Task goal – A faithful copy of the data below is required, leaving out every picture.

*** Opening of Supplied data ***

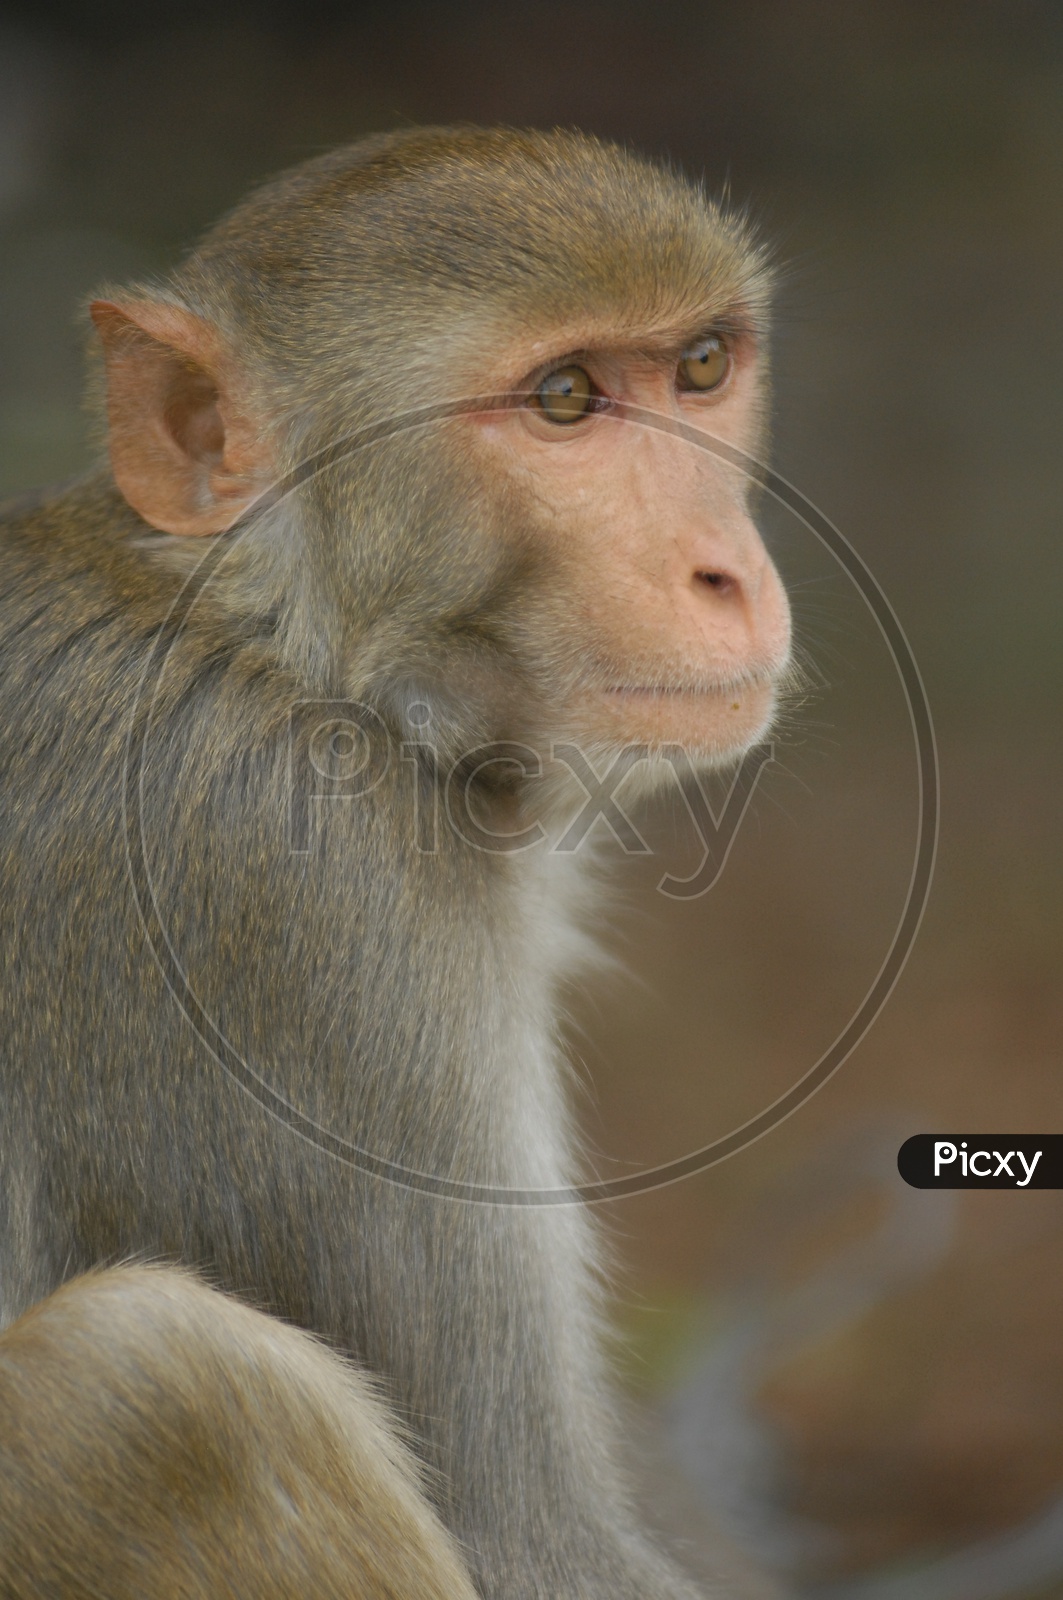 Close up shot of Monkey face
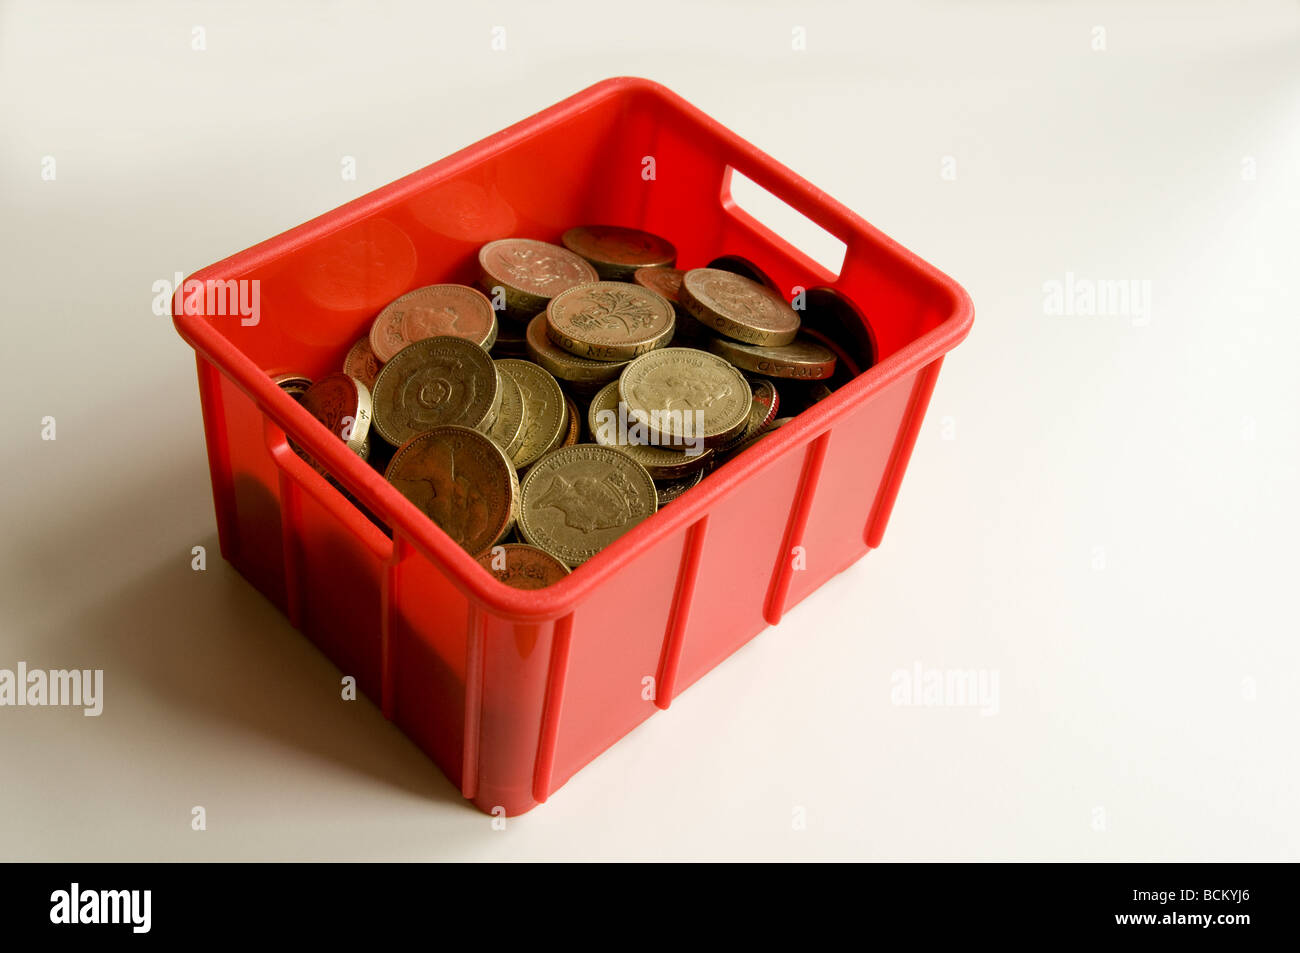 Piccola cassa riempita con monete del Regno Unito - principalmente £1s. In rappresentanza di movimento / spese di trasloco. Foto Stock
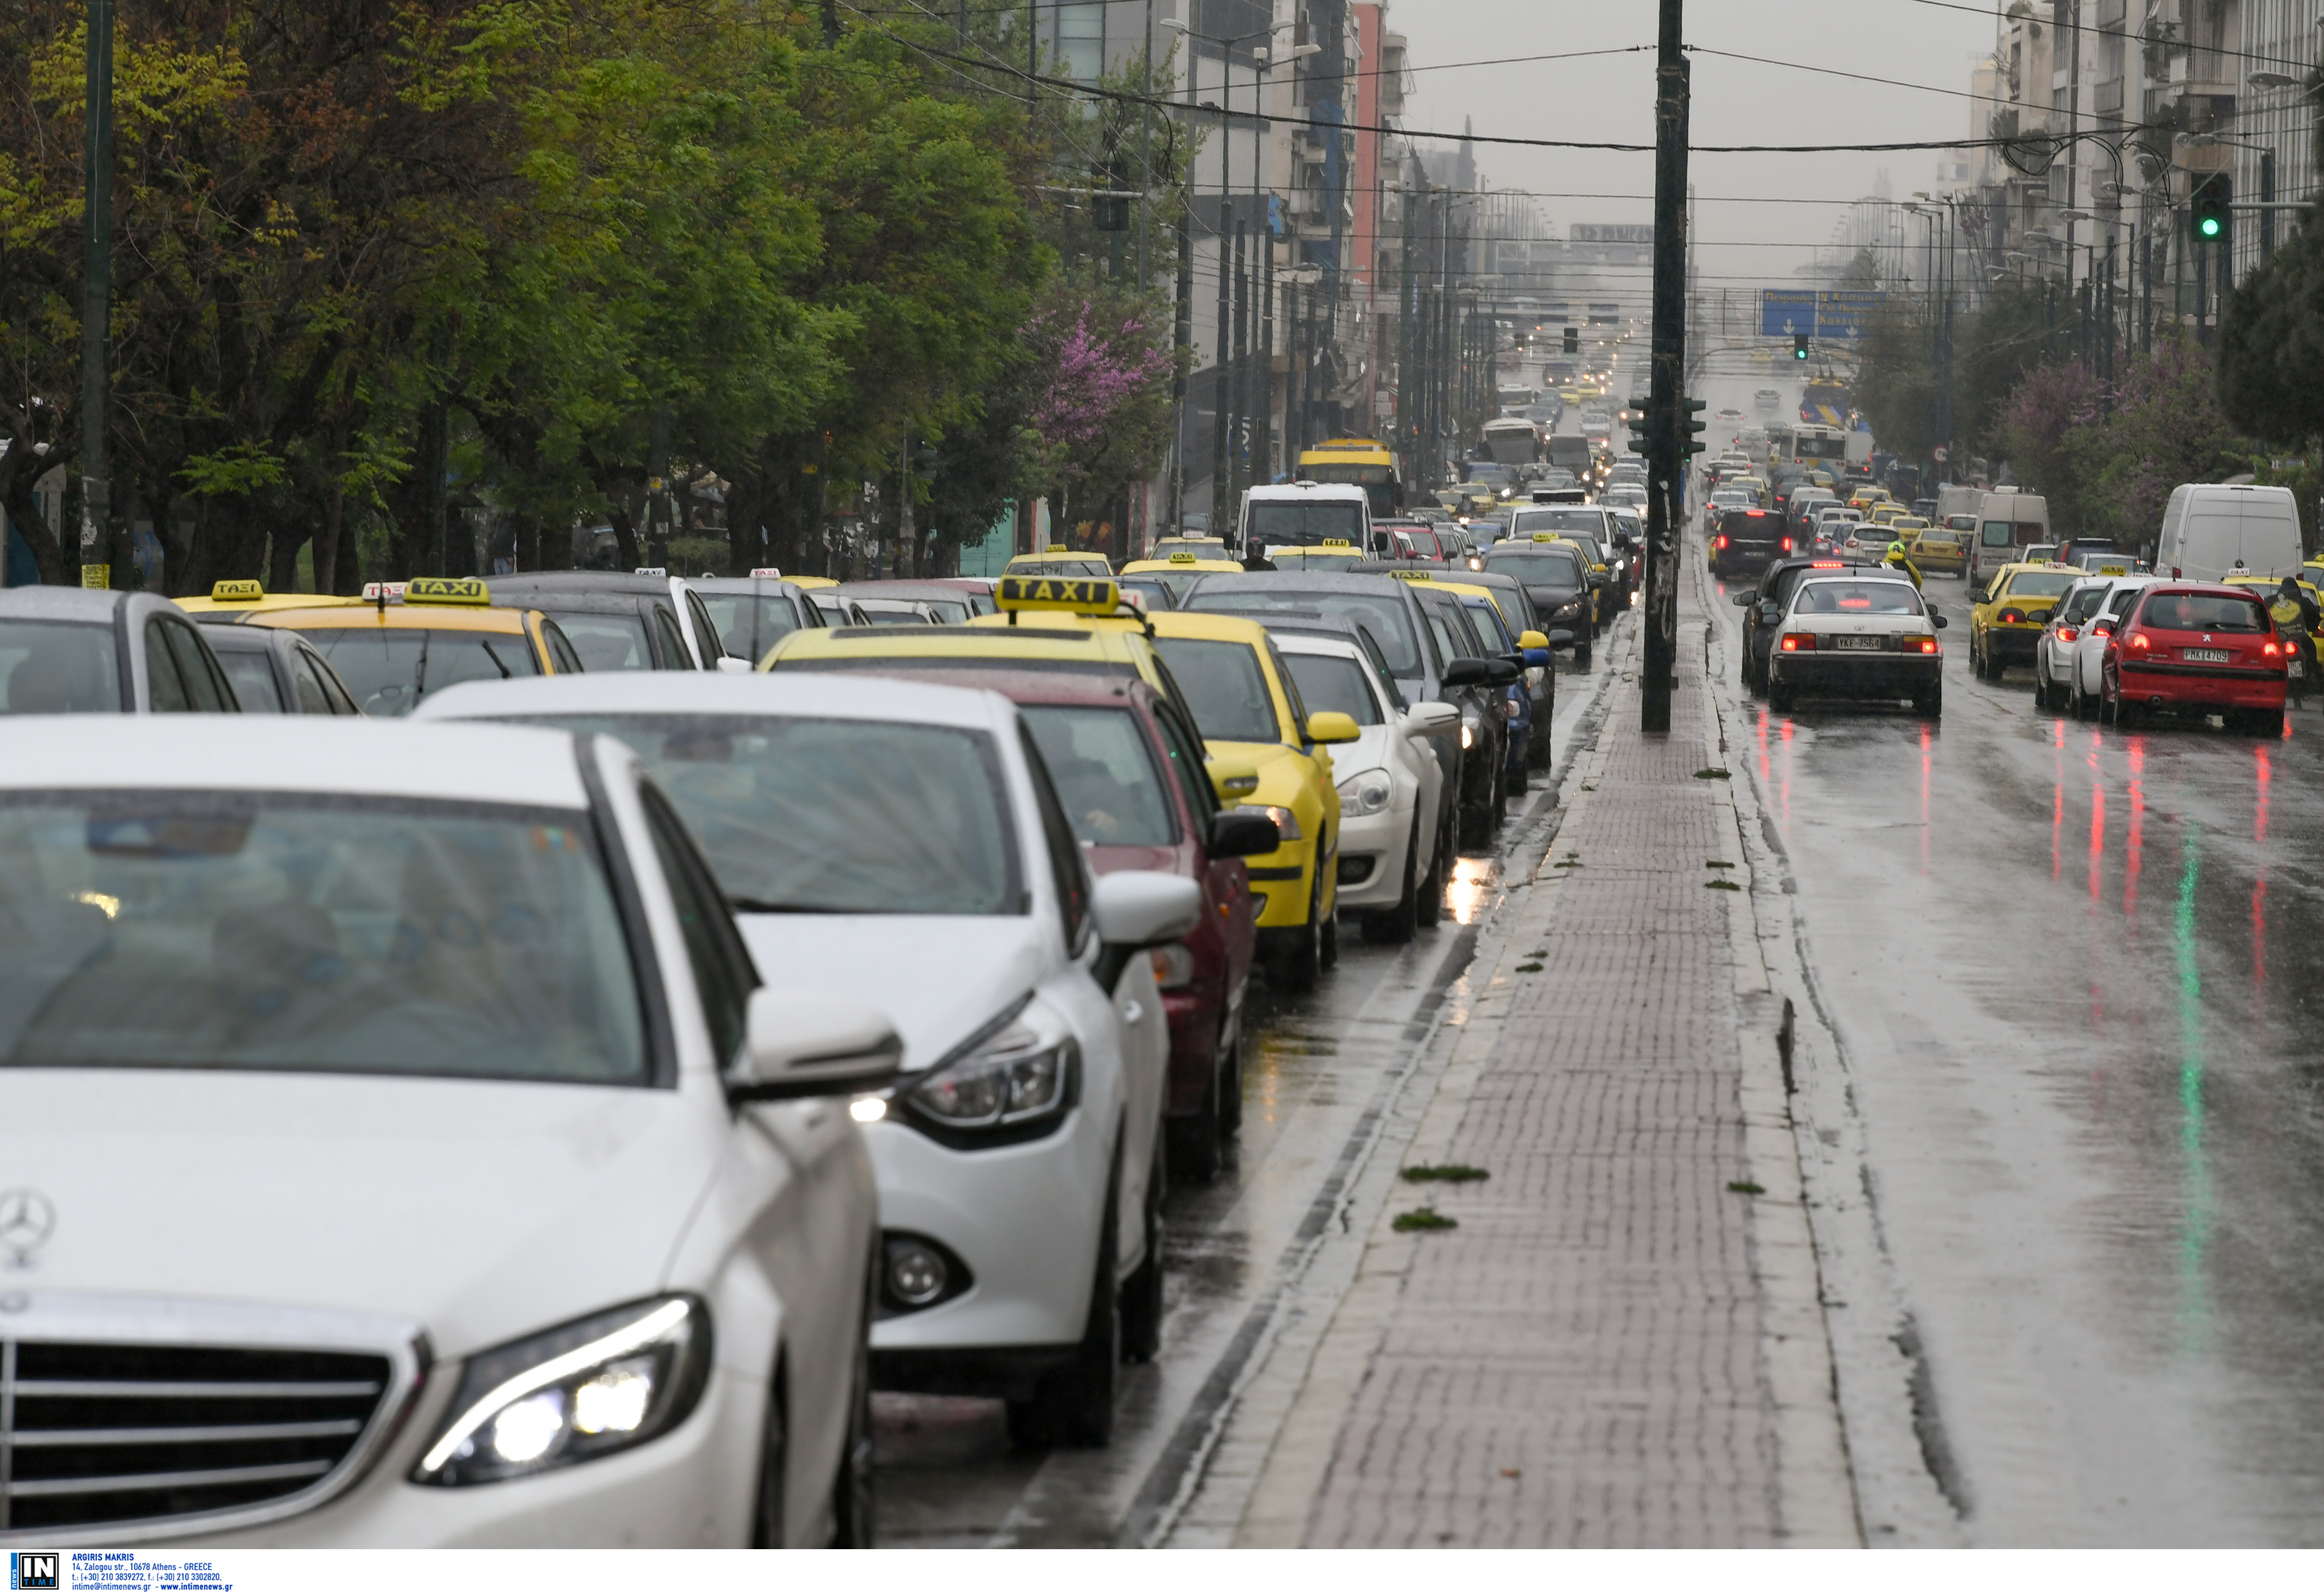 Καιρός: Κίνηση παντού! Ανατροπή φορτηγού στην Αθηνών – Λαμίας, διακοπή κυκλοφορίας στη Μαρκοπούλου

*** Close of Supplied data ***

Written answer –
 Close up shot of Monkey face
 Piccola cassa riempita con monete del Regno Unito - principalmente £1s. In rappresentanza di movimento / spese di trasloco. Foto Stock
 Καιρός: Κίνηση παντού! Ανατροπή φορτηγού στην Αθηνών – Λαμίας, διακοπή κυκλοφορίας στη Μαρκοπούλου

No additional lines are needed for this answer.